Now I look down the lane to see the new(ish) winery of Graham Stevens. Graham's celebrating his sixth vintage there. But like the rest of the street, his career's not nearly that simple. We used to rely on his hearty, stylish Cambrai reds in the early 'seventies. He'd established that business with money he'd earned on the oil rigs off Shetland, but eventually retired from winemaking and sold up.

As far as I know, Graham planted the first Zinfandel in South Australia. We loved it.

But that old Cambrai is now the O'Brien Family's Kangarilla Road Winery, which doggedly holds its name long after the authorities changed the name of the actual Kangarilla Road to McLaren Flat Road. Graham Steven's retirement didn't last long: here he is making wine in the road that was called Sand Hill Road until the Ingoldbys got their end of it changed to Ingoldby.

Phil Christiansen pulls twisty moves in the Currant Shed: Not The Bushing Lunch Lunch Wine Show, Ingoldby Road 2013 ... photos Philip White

Beyond the site of Graham's second coming lies the Currant Shed, a fine old joint housing another of those restaurants designed for wiling away murky Sundays with a red or six. This is the site of the annual splinter group event that was for local political reasons called Not The Bushing Lunch but for other local political reasons got changed to Spring Carnivalé  in spite of being held in summer.

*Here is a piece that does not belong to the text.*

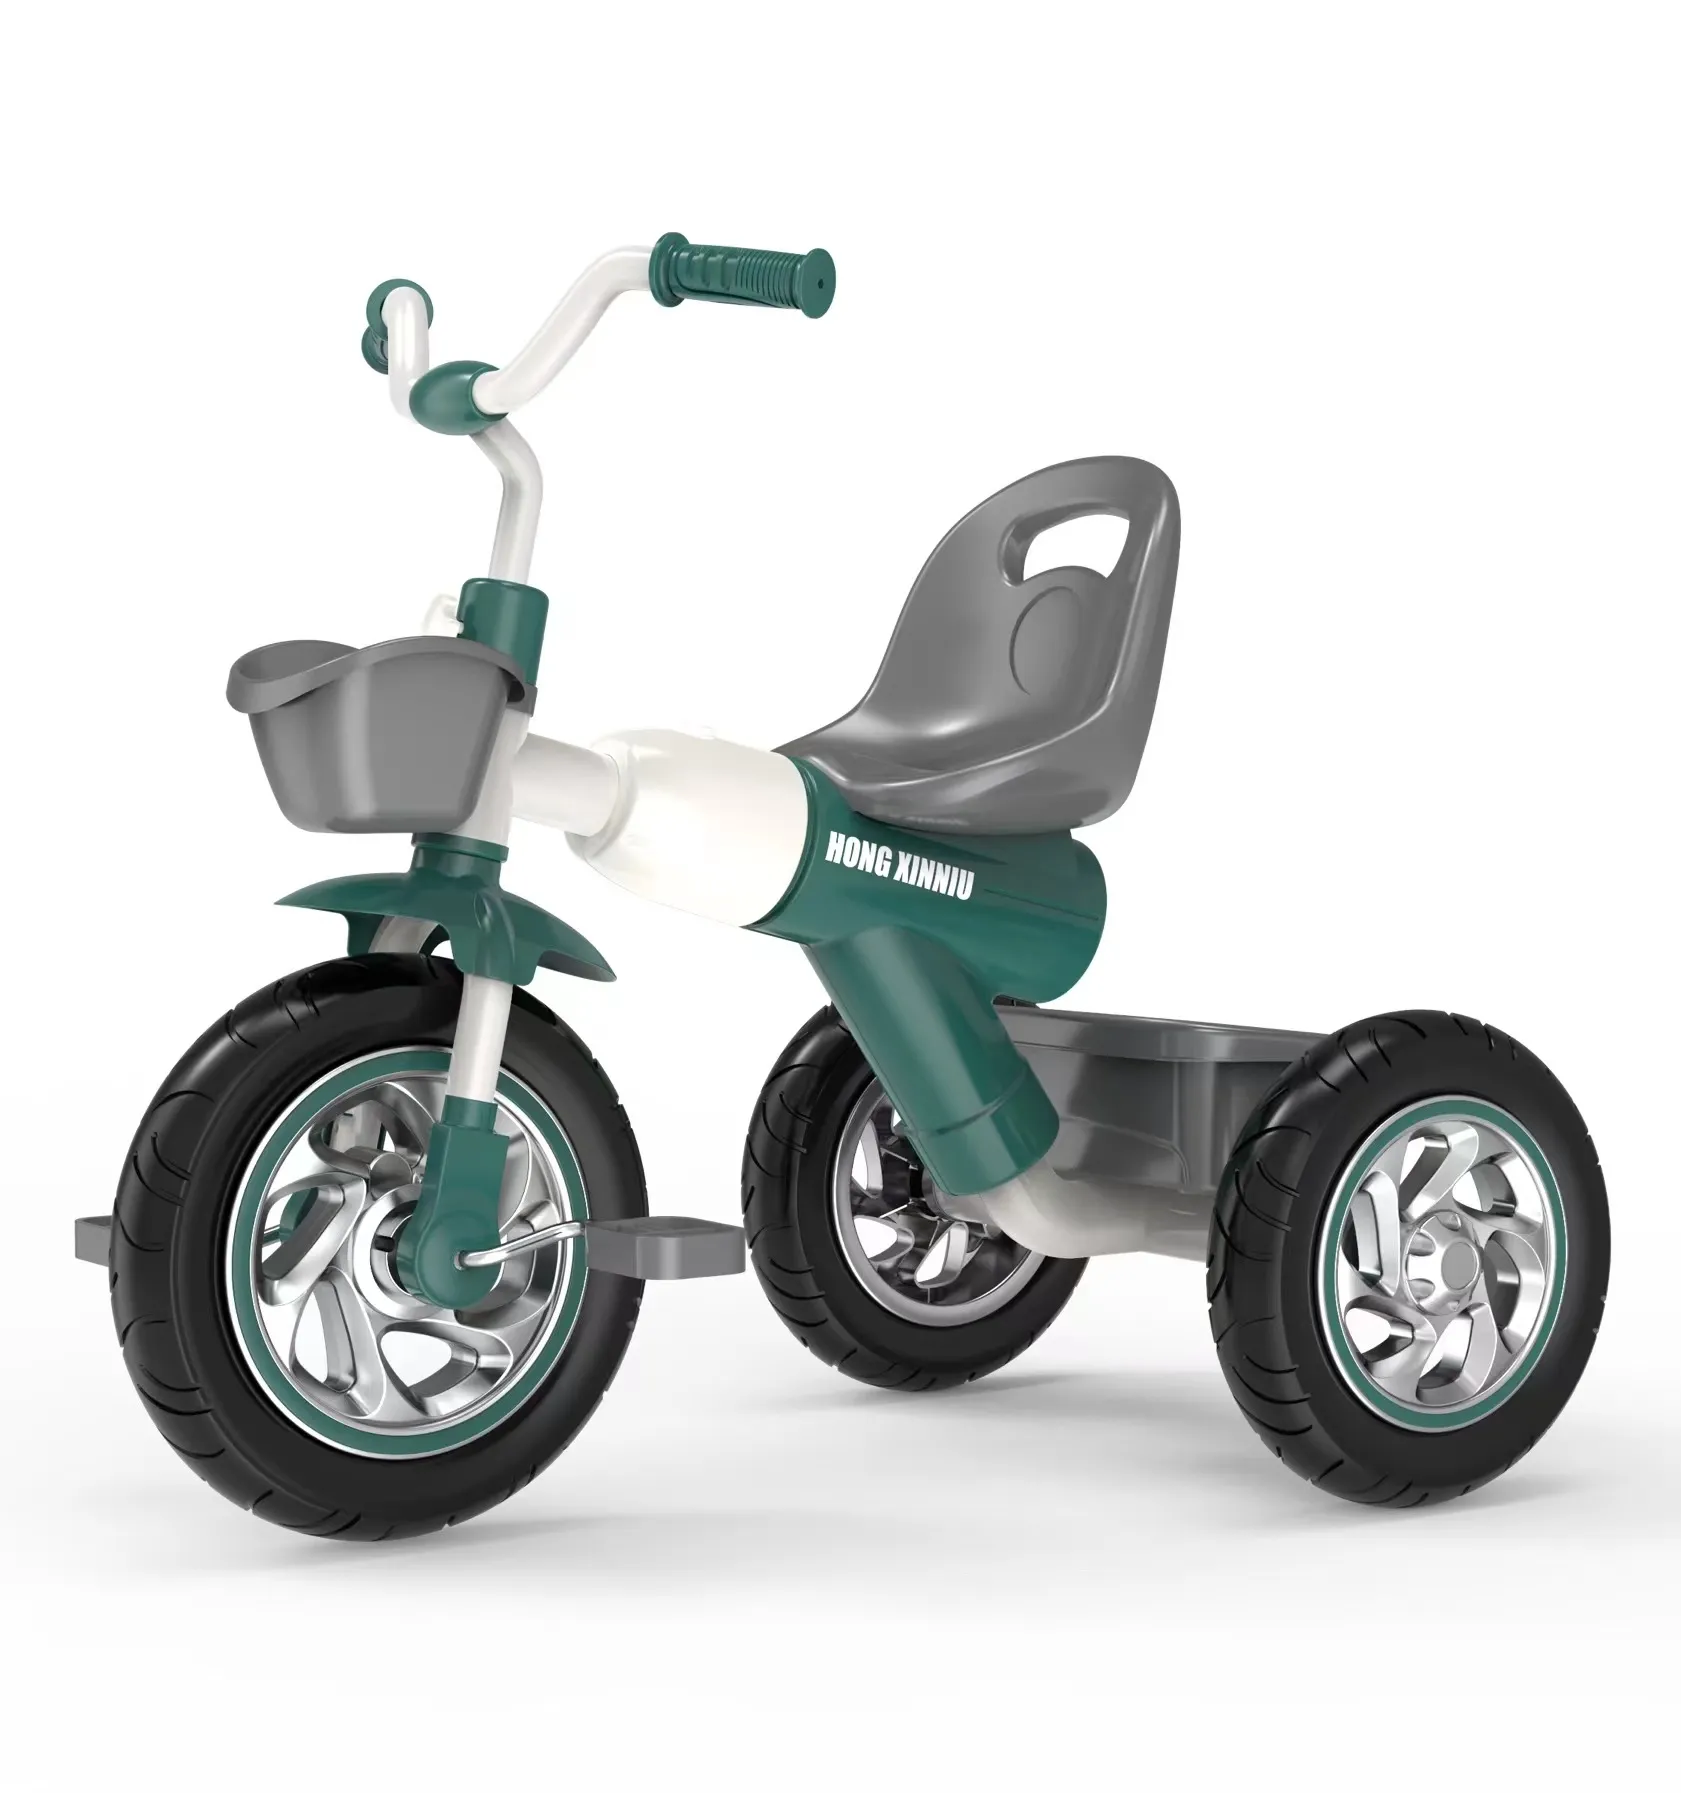 حار بيع جديد نموذج بسيط الصين نمط جميل 3 عجلة لعبة دراجة طفل دراجة أطفال ثلاثية على الانترنت التسوق ل 2-8 سنوات الأطفال

Ingoldby would love that. 

But I'll guarantee he'd hate with the bitterest disdain the hulk of his old Ingoldby Ryecroft winery, which, under the hand of Southcorp/Fosters/Treasury, burst into a great malignant refinery of stainless steel and concrete, its walkways emblazoned in their flourescent occ health & safety Stalinism, but empty. It's a latter-day ghost town now, appropriately called Rosemount. Not one hi-res weskit, safety helmet or steel-capped boot in sight. It's all tumbleweeds and birdshit.

Like Jim's 1979 Cabernet, all those thousands of tonnes of grapes now go north to Barossa. Steel and concrete aside, that leaves Ingoldby Road pretty much the same as it was for most of the post-war years. How long before the currants and chooksheds return?

Best little wine show on earth? ... photo Philip White 

Or, more insidiously, how long before the appropriate Flash Harry pulls up in his black Merc and decides to build a poxy hi-rise hipster ghetto on that Rosemount slab? The amenity argument is already over: our Harry will argue that even the ugliest extrusion of stacked-up units would look better than that bloody refinery.

If it made real oil instead of the good stuff, that abomination would never be permitted in such lovely rural landscape. But I must tread carefully: the burgeoning villa rash that was once the village of McLaren Flat must deserve a giant Coles Guantanamo like the planning disaster the current government unloaded just down the creek, in the main street of McLaren Vale.